KATOE.ID— Otoritas Jasa Keuangan (OJK) resmi menerbitkan dua Peraturan OJK (POJK) terbaru untuk memperkuat ketahanan dan daya saing industri perbankan syariah nasional. Kedua regulasi tersebut adalah POJK Nomor 20 Tahun 2025 tentang Liquidity Coverage Ratio (LCR) dan Net Stable Funding Ratio (NSFR) bagi Bank Umum Syariah (BUS) dan Unit Usaha Syariah (UUS), serta POJK Nomor 21 Tahun 2025 tentang Leverage Ratio bagi BUS.
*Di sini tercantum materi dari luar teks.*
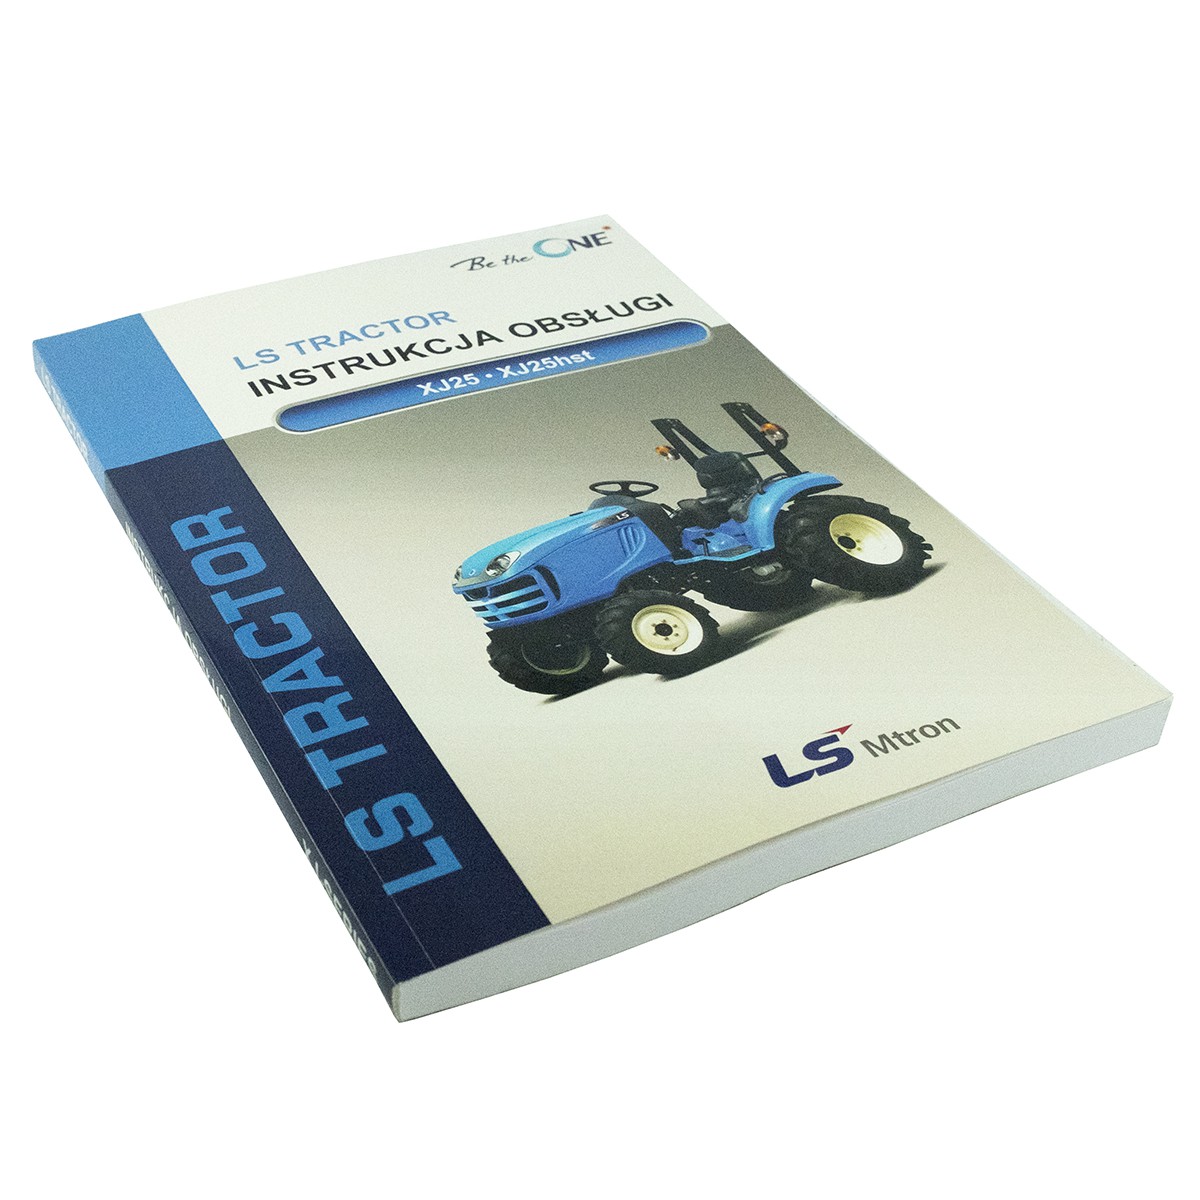 LS Tractor XJ25 / LS Tractor XJ25 HST Traktor Handbuch

Langkah ini menjadi bagian penting dalam memperkuat struktur permodalan, likuiditas, serta pendanaan jangka panjang bank syariah agar semakin tangguh dan efisien. OJK menegaskan, kebijakan ini disusun sejalan dengan standar internasional Basel III dan panduan dari Islamic Financial Services Board (IFSB).
POJK 20/2025: Penguatan Likuiditas dan Pendanaan Jangka Panjang
POJK Nomor 20 Tahun 2025 mewajibkan BUS dan UUS untuk memelihara rasio Liquidity Coverage Ratio (LCR) dan Net Stable Funding Ratio (NSFR) minimal sebesar 100 persen, yang akan diterapkan secara bertahap mulai 2026 hingga 2028.
Ketentuan ini bertujuan memastikan ketersediaan likuiditas jangka pendek yang memadai serta kestabilan pendanaan jangka panjang. Dengan demikian, bank syariah diharapkan lebih siap menghadapi dinamika ekonomi dan volatilitas pasar keuangan.
Selain itu, BUS dan UUS diwajibkan melakukan perhitungan serta pelaporan berkala terkait kecukupan likuiditas dan pendanaan stabil bersih, baik secara individu maupun konsolidasi.
Regulasi ini mengacu pada standar global seperti Basel III: The Liquidity Coverage Ratio and Liquidity Risk Monitoring Tools dan The Net Stable Funding Ratio, serta panduan IFSB Guidance Note GN-6. Dengan penerapan aturan tersebut, OJK mendorong sistem keuangan syariah Indonesia agar semakin kredibel dan kompetitif di tingkat global.
POJK ini juga menjadi implementasi dari Roadmap Pengembangan dan Penguatan Perbankan Syariah Indonesia (RP3SI) 2023–2027, khususnya pada Pilar I tentang penguatan struktur industri dan Pilar V mengenai pengaturan dan pengawasan perbankan syariah.
POJK 21/2025: Memperkuat Struktur Permodalan BUS
Sementara itu, POJK Nomor 21 Tahun 2025 menitikberatkan pada penguatan struktur permodalan melalui penerapan Leverage Ratio minimum sebesar 3 persen bagi Bank Umum Syariah.
Rasio ini menjadi indikator tambahan dalam memastikan bank syariah menjalankan bisnis secara proporsional terhadap kapasitas modal yang dimiliki, tanpa bergantung pada pembobotan risiko aset (risk-weighted assets). Dengan adanya leverage ratio, bank diharapkan lebih disiplin dalam mengelola risiko dan siap menghadapi berbagai skenario pasar.
POJK ini mengacu pada standar internasional Basel III tahun 2014 dan 2017 serta IFSB-23 tahun 2021. Aturan ini akan mulai diberlakukan pada 17 September 2025, dengan kewajiban pelaporan pertama pada triwulan I tahun 2026 dan publikasi mulai September 2026.
Bagi BUS yang belum memenuhi ketentuan, OJK memberi ruang untuk mengajukan rencana tindak korektif. Namun, pelanggaran terhadap aturan ini dapat dikenakan sanksi administratif berupa denda maupun non-denda.
Dukung Sistem Perbankan Syariah yang Tangguh dan Kompetitif
Dengan terbitnya kedua POJK tersebut, OJK menegaskan komitmennya untuk memperkuat ekosistem keuangan syariah Indonesia agar mampu bersaing di tingkat global.
Kebijakan ini tidak hanya meningkatkan ketahanan likuiditas dan permodalan, tetapi juga mendorong bank syariah nasional untuk menerapkan prinsip kehati-hatian dan tata kelola yang baik.
“Dengan adanya POJK ini, diharapkan Bank Umum Syariah dan Unit Usaha Syariah semakin siap menghadapi tantangan global, lebih kuat secara struktural, serta mampu menjaga stabilitas keuangan syariah nasional,” tulis keterangan resmi OJK.